Ask any athlete what the crucial element of success in a relay race is and nine out of ten will tell you it’s the hand over of the baton. The relay race is an analogy often used in business environments. Managers and trainers use it to emphasize the importance of team work, working together, the grey areas of hand-over where mistakes lurk and so on. I use the analogy myself. In my opinion, especially in businesses, the most crucial element of success is to get everybody running in the same direction. Then you can focus on the details.

In a recent workshop I rediscovered for the umpteenth time the problem with teams in small businesses: They aren’t teams. The team members may be good at what they do. If asked what it is they do they will focus on the technicalities. I type, sell, draw, analyze, call customers defaulting on their payments etc. They seldom refer to what they do in reference to what the company is supposed to be doing or with respect to what the customer expects. So what’s the problem? Well it boils down to either having a team or having several individuals working in the same company. A team has a common goal. Its members know what the team philosophy is and the team leaders promote a healthy team spirit and set clear targets. The team knows what it has to achieve. It knows who the enemy is and will defend what it considers its own with an almost fanatical zeal. In the other case, when asked what the company offers, replies read like a menu. “We do this, we do that, we do the other”. What is missing is the element of passion. Passion at work usually relates to a brand. If the team doesn’t have a flag to rally around, be proud of, defend, hold up and conquer, then there’s not really much hope. If your people are not a team, spend time on forging them into one. It can’t happen over night but it can be done. Build up what the company offers. Why should any customer come to you and not the guy next door? Your people should be fans of your company. Talk to them. Listen to them. Create a culture of cooperation and weed out any individuals that drag the others down. Build up a brand: what do people think of when they hear your company name? What are your values? What do you stand for? Why?

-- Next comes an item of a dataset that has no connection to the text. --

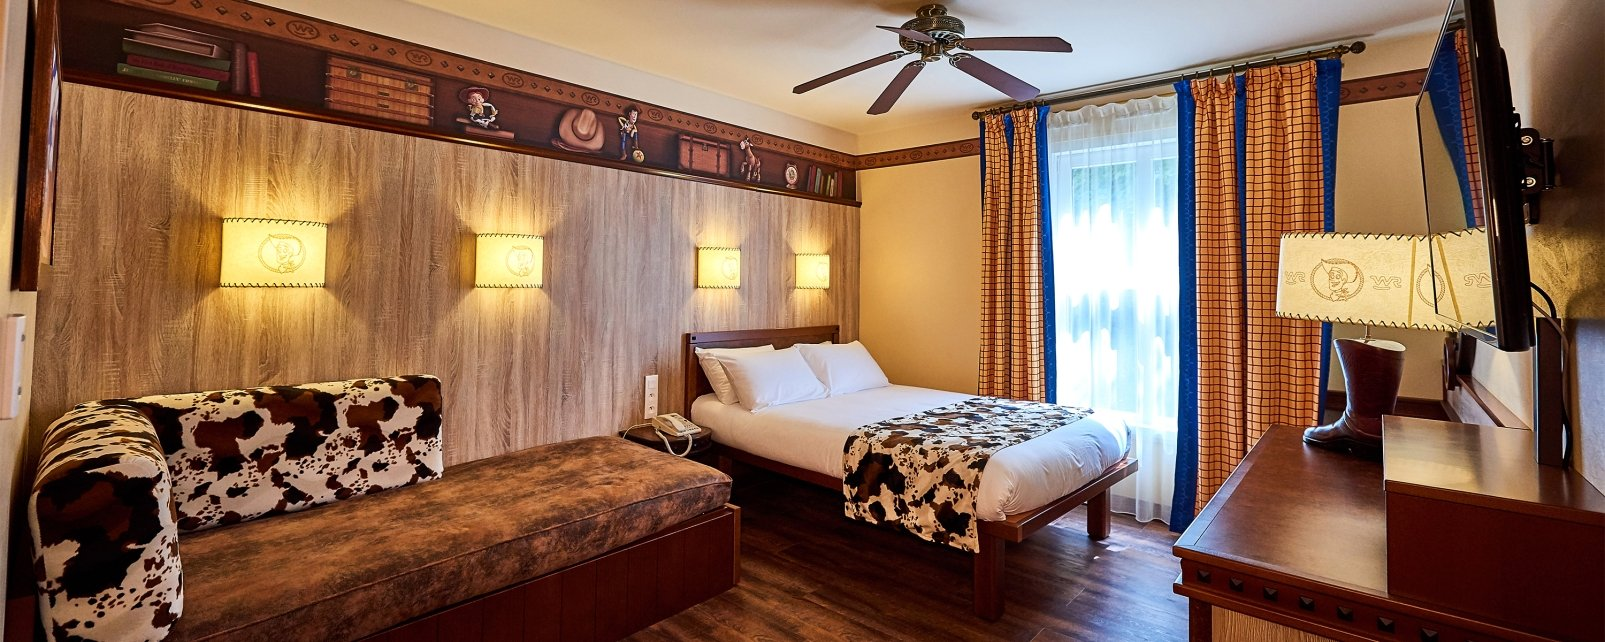 Hotel Disney 39 S Cheyenne In Marne La Vall E France

I am sick of reading smart ass tips of the day written by people who think they are on par with the likes of Winston Churchill and Victor Hugo. They come up with disjointed, isolated apothegms like, “The road to success is full of crossroads” or “Being right is an attitude” and similar shallow BS. One of these one-liners I don’t subscribe to is “There’s no I in TEAM”.  Of course there is! Teams are made up of individuals with different approaches, perspectives, talents and expertise. People work towards satisfying their need to succeed. If you can achieve a team that succeeds by its members succeeding as individuals working towards a common goal, you will win the relay race every time. Set out some team building goals for the New Year. You’ll be surprised to see that the value of the whole is indeed higher than the sum of the values of the parts. Enough clichés for one blog. Get them all running in the same direction, work on the hand-over and if necessary hit somebody with the baton…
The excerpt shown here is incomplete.